Alright, fine, that’s B.S. Venter likely knew I was the only reviewer old enough to have been around at the time of the original Thexder’s release. Yup, I'm a relic. And yup, this is remake. Of a game from 1985. (This is vitally important, more on why, later.)
And as remakes go, it’s very faithful – a gift and a curse, but mostly a curse. The main gameplay mode shows off ‘classic’ Thexder gameplay with today’s snazzy graphics. Besides that, it naturally includes the original Thexder, which is a lovely thing. What is more lovely is that the original game is immediately available from the title screen – so its availability is not contingent upon your performing some time-consuming task in the new version to ‘unlock it’.
Thexder was kind of a big deal when it first came out in Japan, selling a trillion or some odd copies of its various iterations, before arriving stateside in NES and PC format among others, where it went on to sell another trillion. I actually played the PC version; I remember installing the 50 or so 5 ¼ floppies and having a go. I remember being suitably impressed.
This time ‘round, however; I was not impressed. Because Thexder’s greatest appeal is that you get to play a transforming robot.
Seriously, that’s the sell. And back in ’85, that was good enough. Just pulling off the transformation and letting loose the laser cannon was more than enough cool factor to keep you playing – who had seen anything like it before?

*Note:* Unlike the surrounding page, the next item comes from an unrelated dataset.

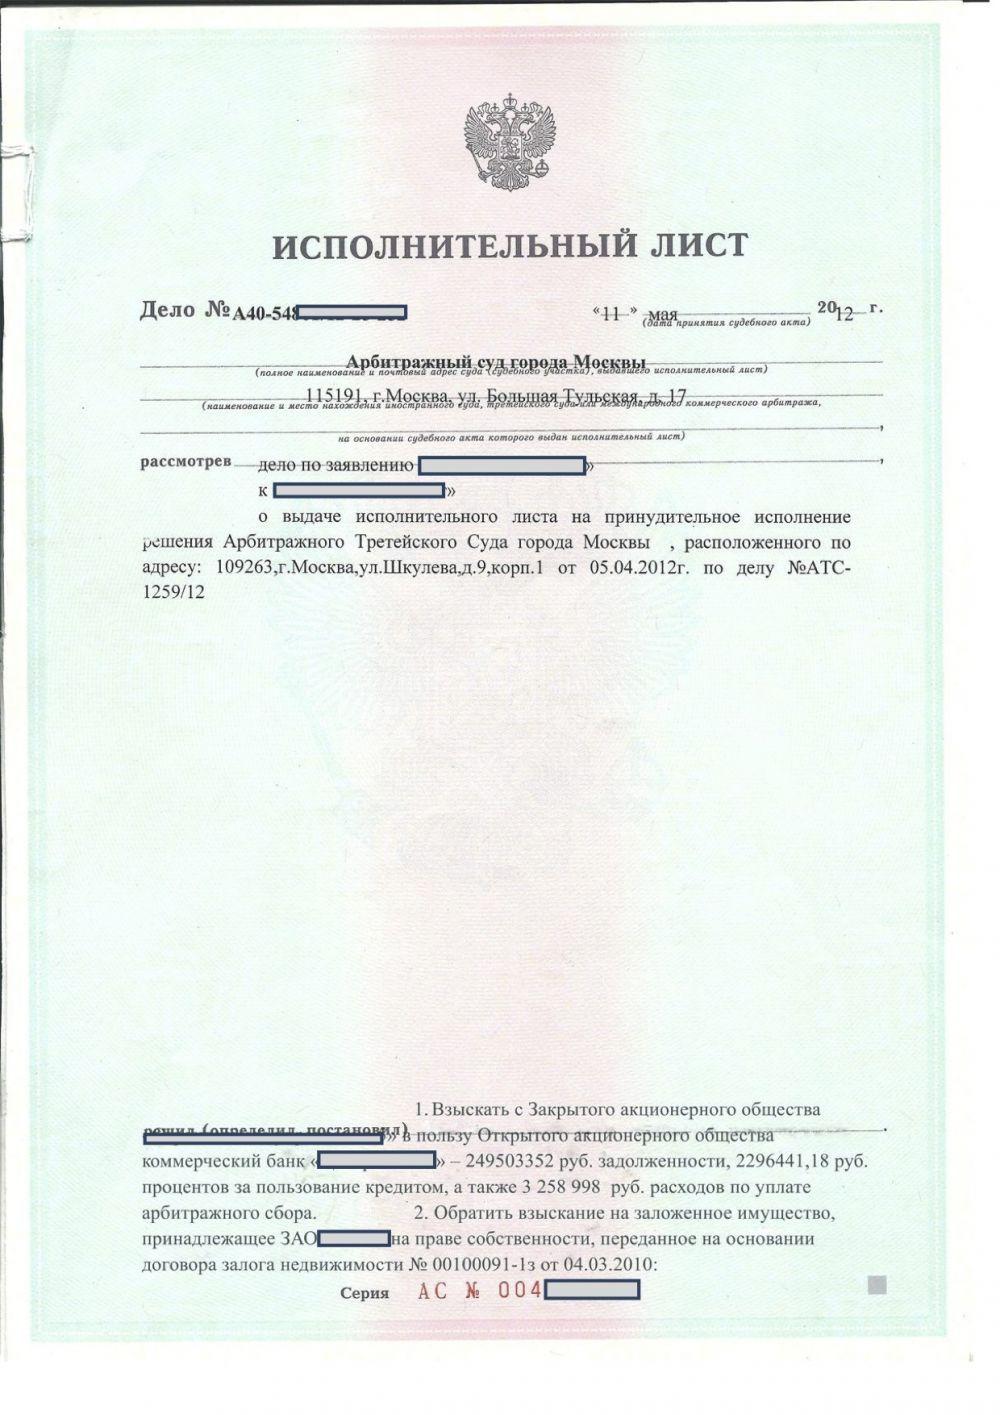 бланк заявления на возмещения из фсс филиала №7

By now, we’ve seen a lot of games like it, and any one of those games (any Macross game, for example) is a lot more engaging. Thexder’s gameplay is exceedingly rudimentary: as a Gundam-esque robot, you run – mostly rightward – keeping your finger on the fire button, blasting waves of colourful shapes. That’s probably the best way to describe the enemies.
Enemies come at you fast, but luckily your laser beam has homing capabilities, so you needn’t even aim to bring them down. Being successful is more a function of edging forward gradually enough to bring the enemies onto the screen slowly enough for the beam to melt the bad guys before they reach your face.

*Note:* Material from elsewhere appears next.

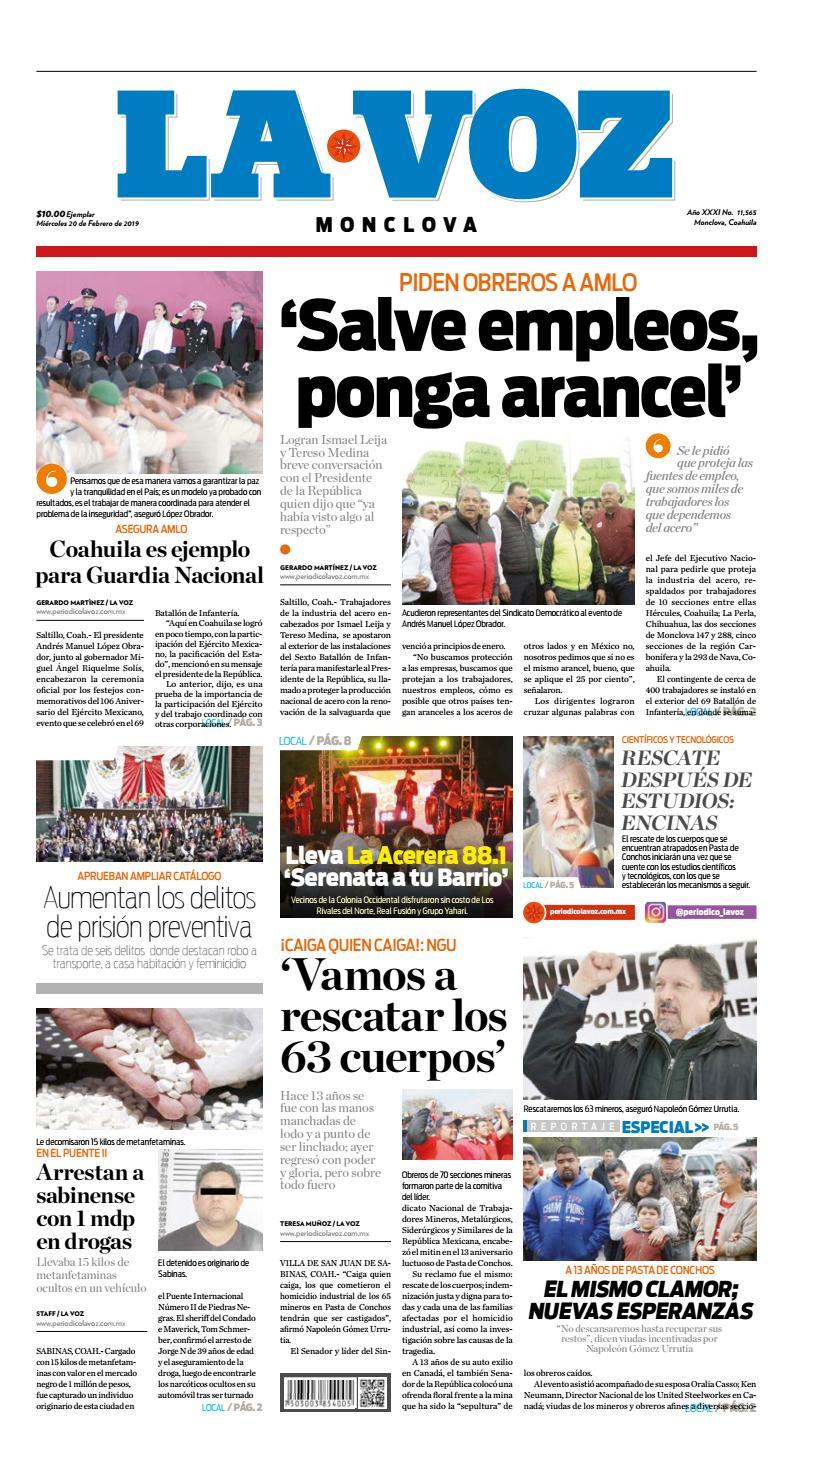 20 de febrero 2019 by La Voz Monclova - issuu 0cd75336c96e

Where Thexder remains unique, even today, is that all of this shooting occurs in a sort of maze, where some corridors are more narrow than others. It is in these tight spots where transforming to plane mode with the touch of a button, is useful to keep it moving – but at no other time. And that’s because once you change to plane mode, your craft won’t stop its forward motion (unless you turn around completely!). Which of course, goes directly contrary to Thexder’s Number One Rule for Success: which is to avoid barrelling forward.
If you’re interested in playing the original for nostalgia’s sake, or just because you favour the far uglier graphics, you need to know that the original Thexder is difficult. It only has ten levels, but it’s hard going by virtue of the fact that enemies absorb a lot of laser beam fire before falling, meaning they’ll be in your face draining your energy quite a bit. This is exacerbated by the fact that this is one of those games where just moving around drains your energy. THIS, in turn is exacerbated by the fact that this is one of those games where just SHOOTING drains your energy. Thankfully, the NEO version has an easier mode, which features the same enemies, but with less vitality.
And what update would be complete without exploring online multiplayer? I really wanted to test this mode, and I tried to. But the result was perhaps more telling than it would have been had I been successful – nobody was online playing this game! And... perhaps nobody offline is playing it either.